-- What you have to do --
Output the listing below exactly, minus its images.

-- Recorded information --
• • •

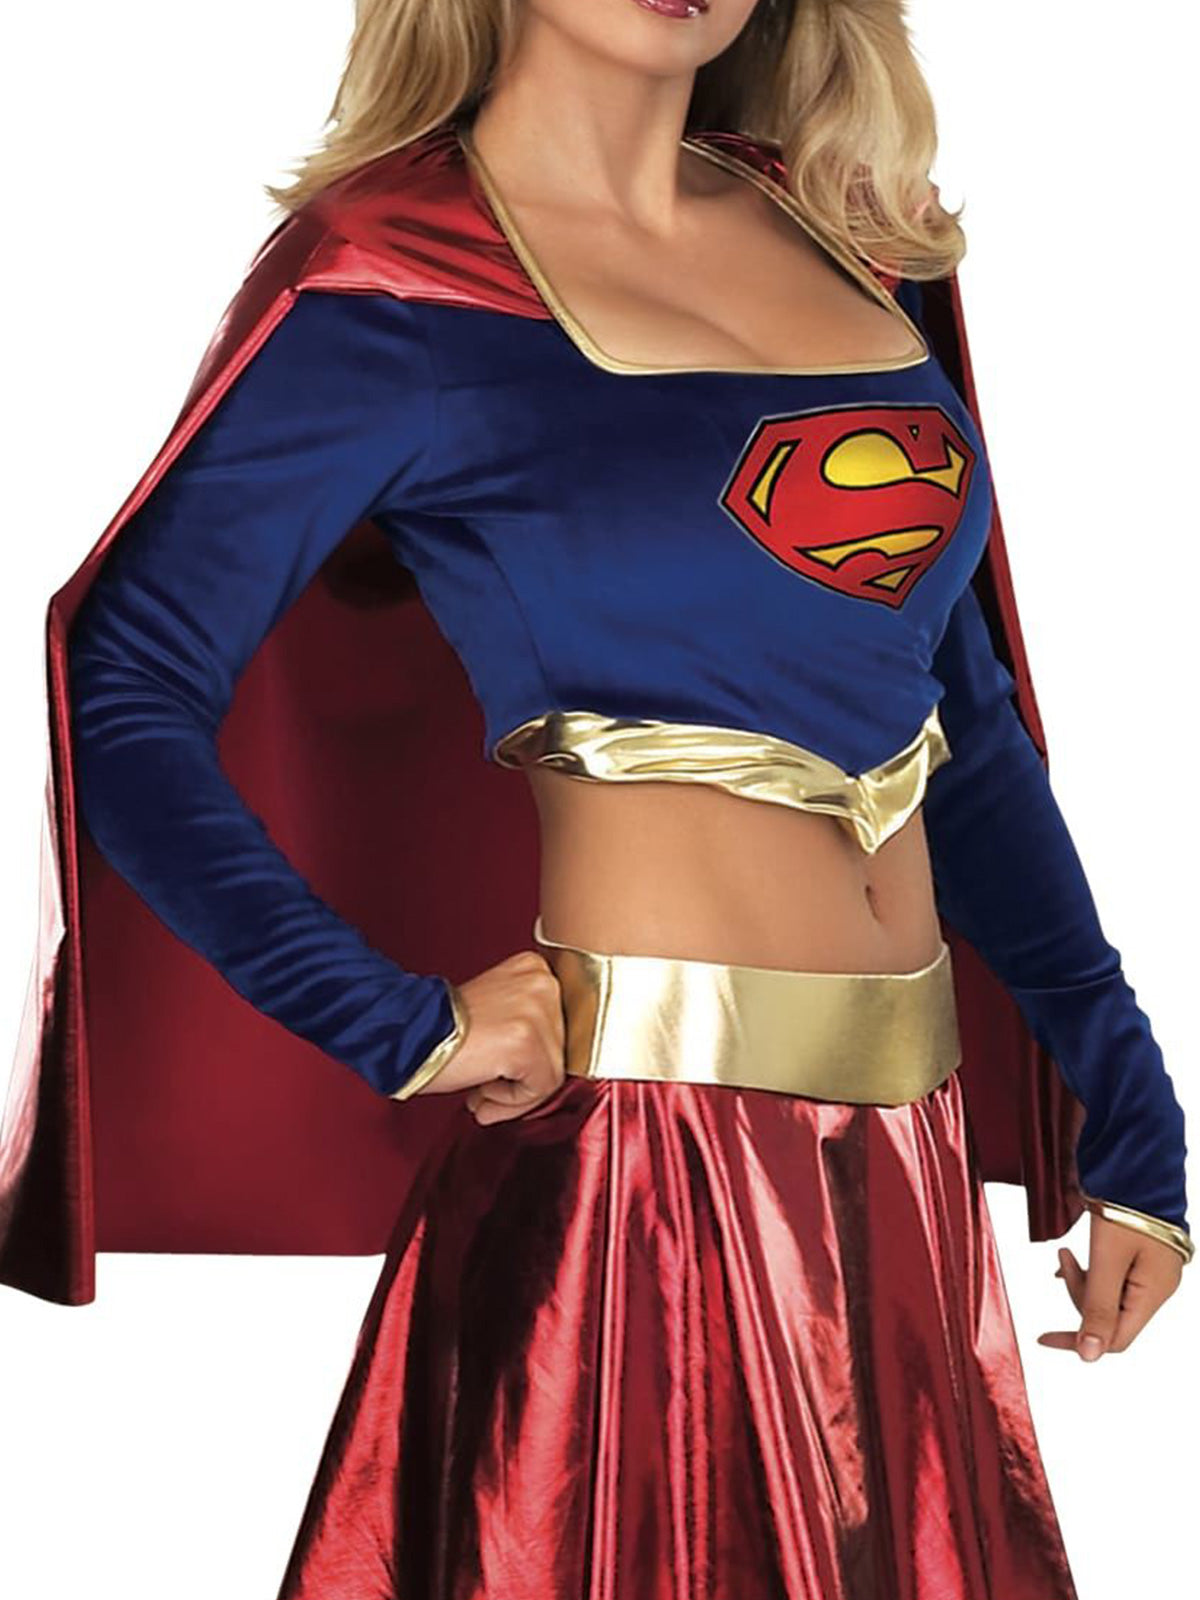 Sexy Supergirl Costume
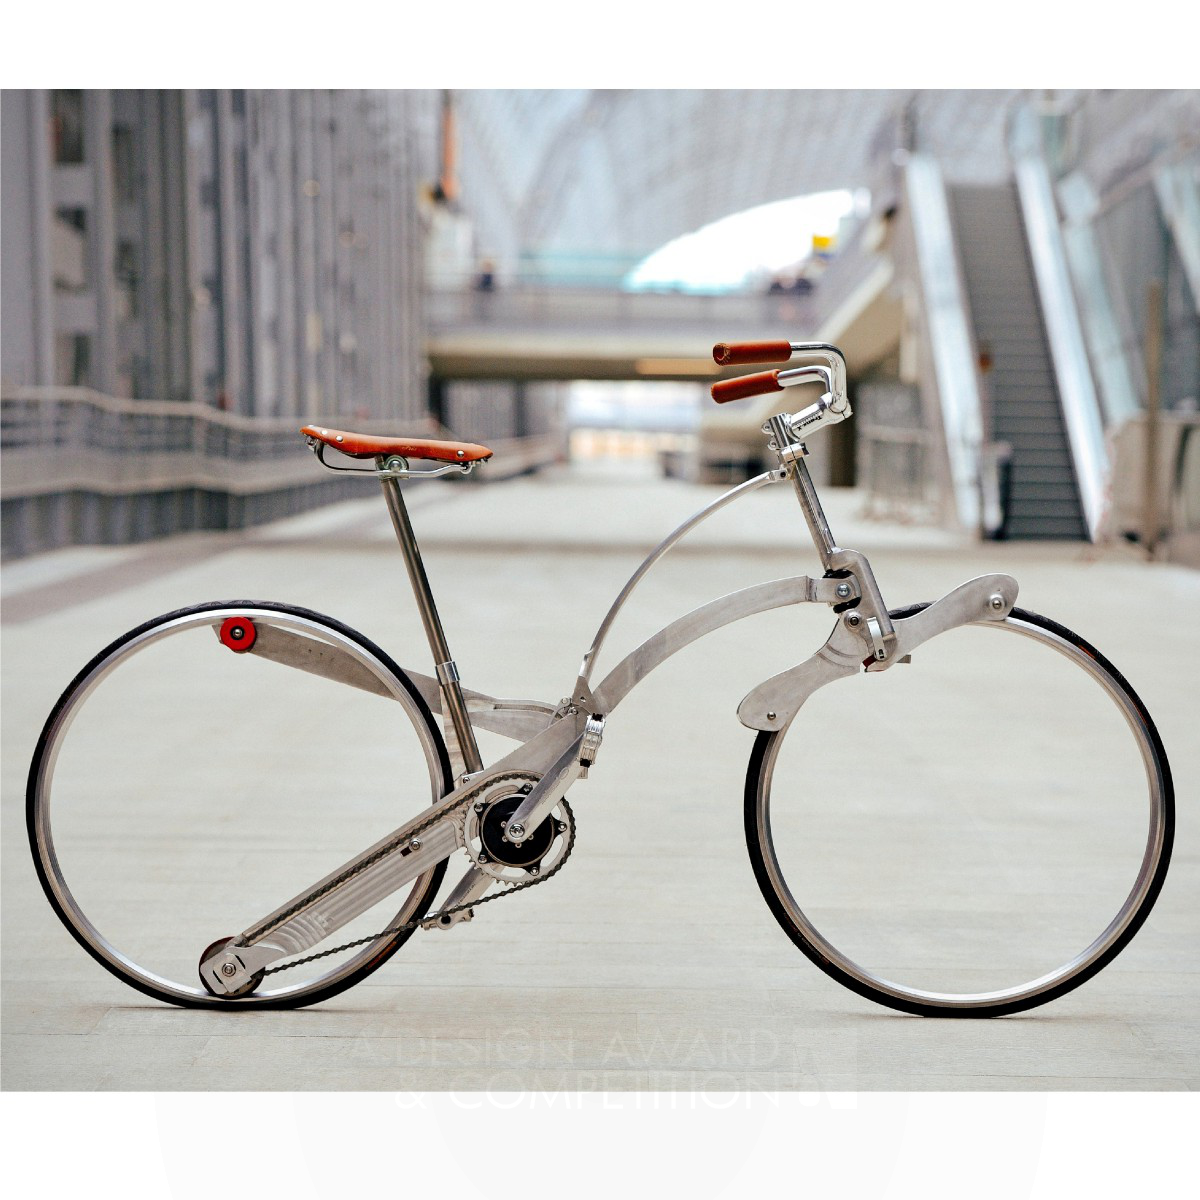 Sada Hubless Foldable Bike by Gianluca Sada
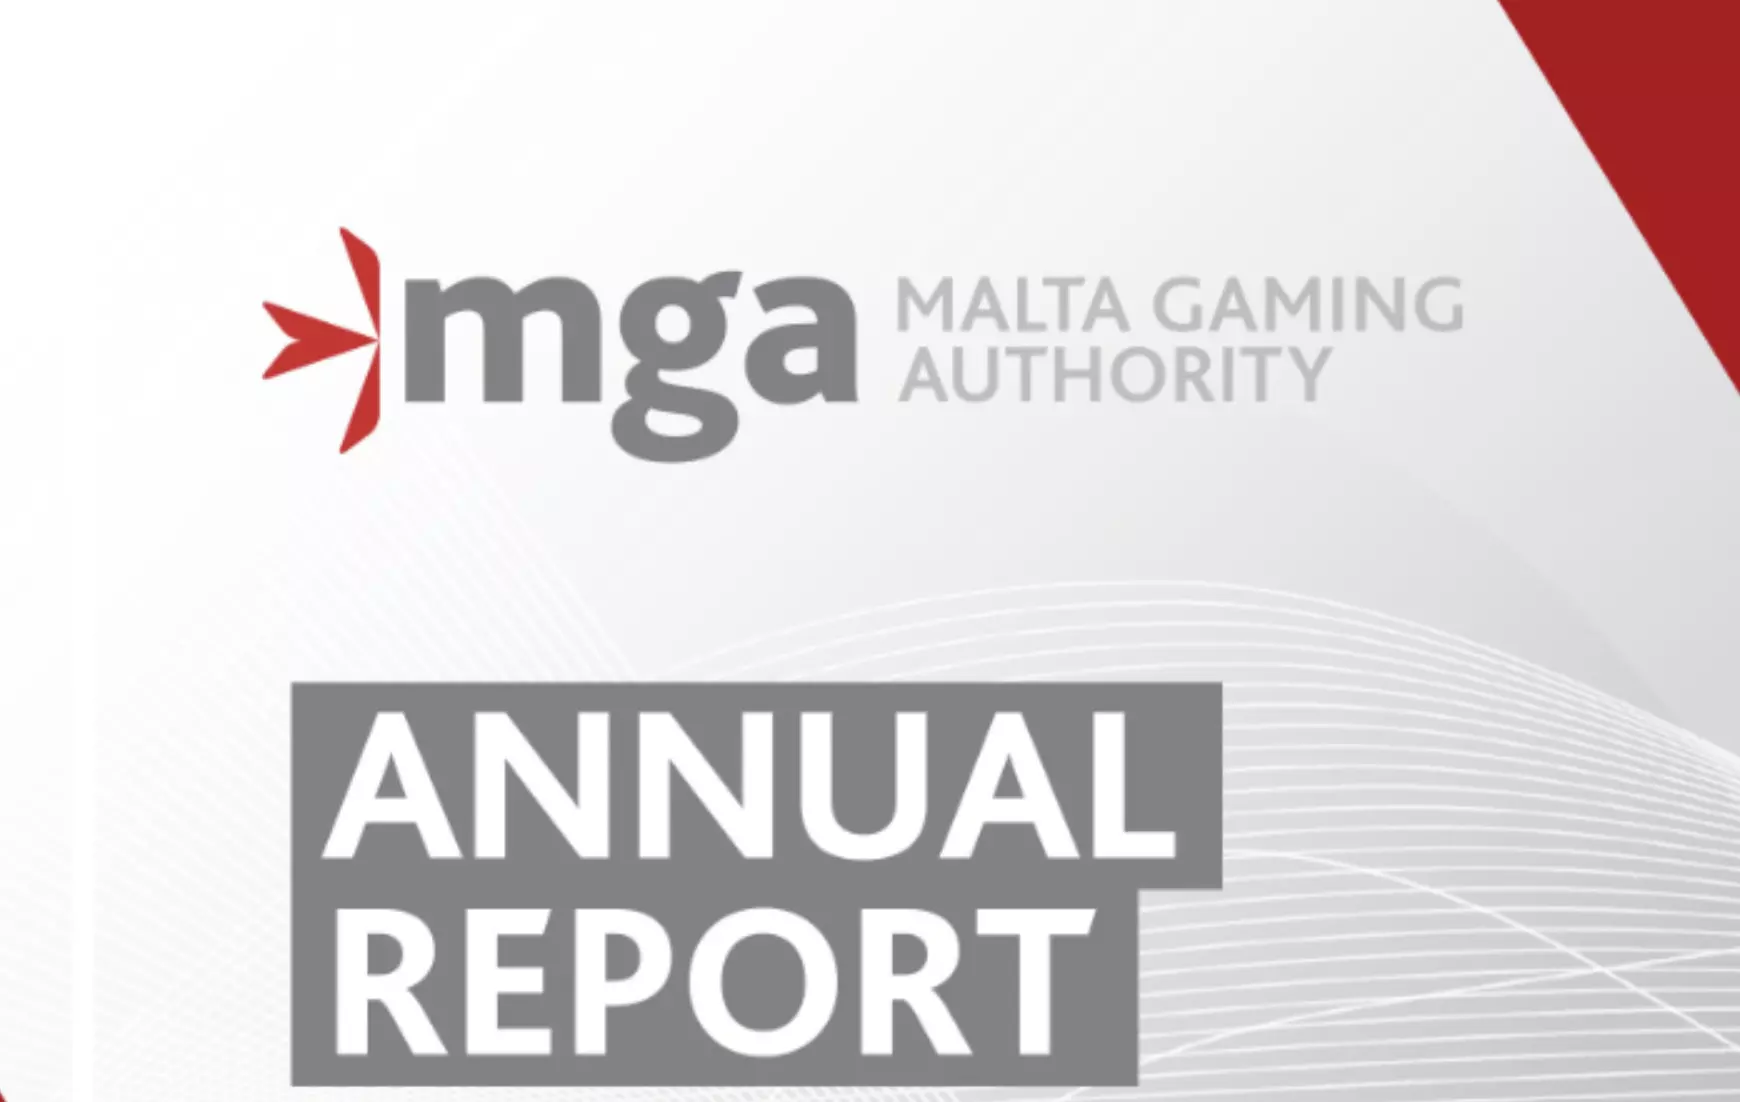 Otoritas Gaming Malta merilis laporan tahunan 2021

• • •

-- Your solution --
 Sexy Supergirl Costume
 Sada Hubless Foldable Bike by Gianluca Sada
 Otoritas Gaming Malta merilis laporan tahunan 2021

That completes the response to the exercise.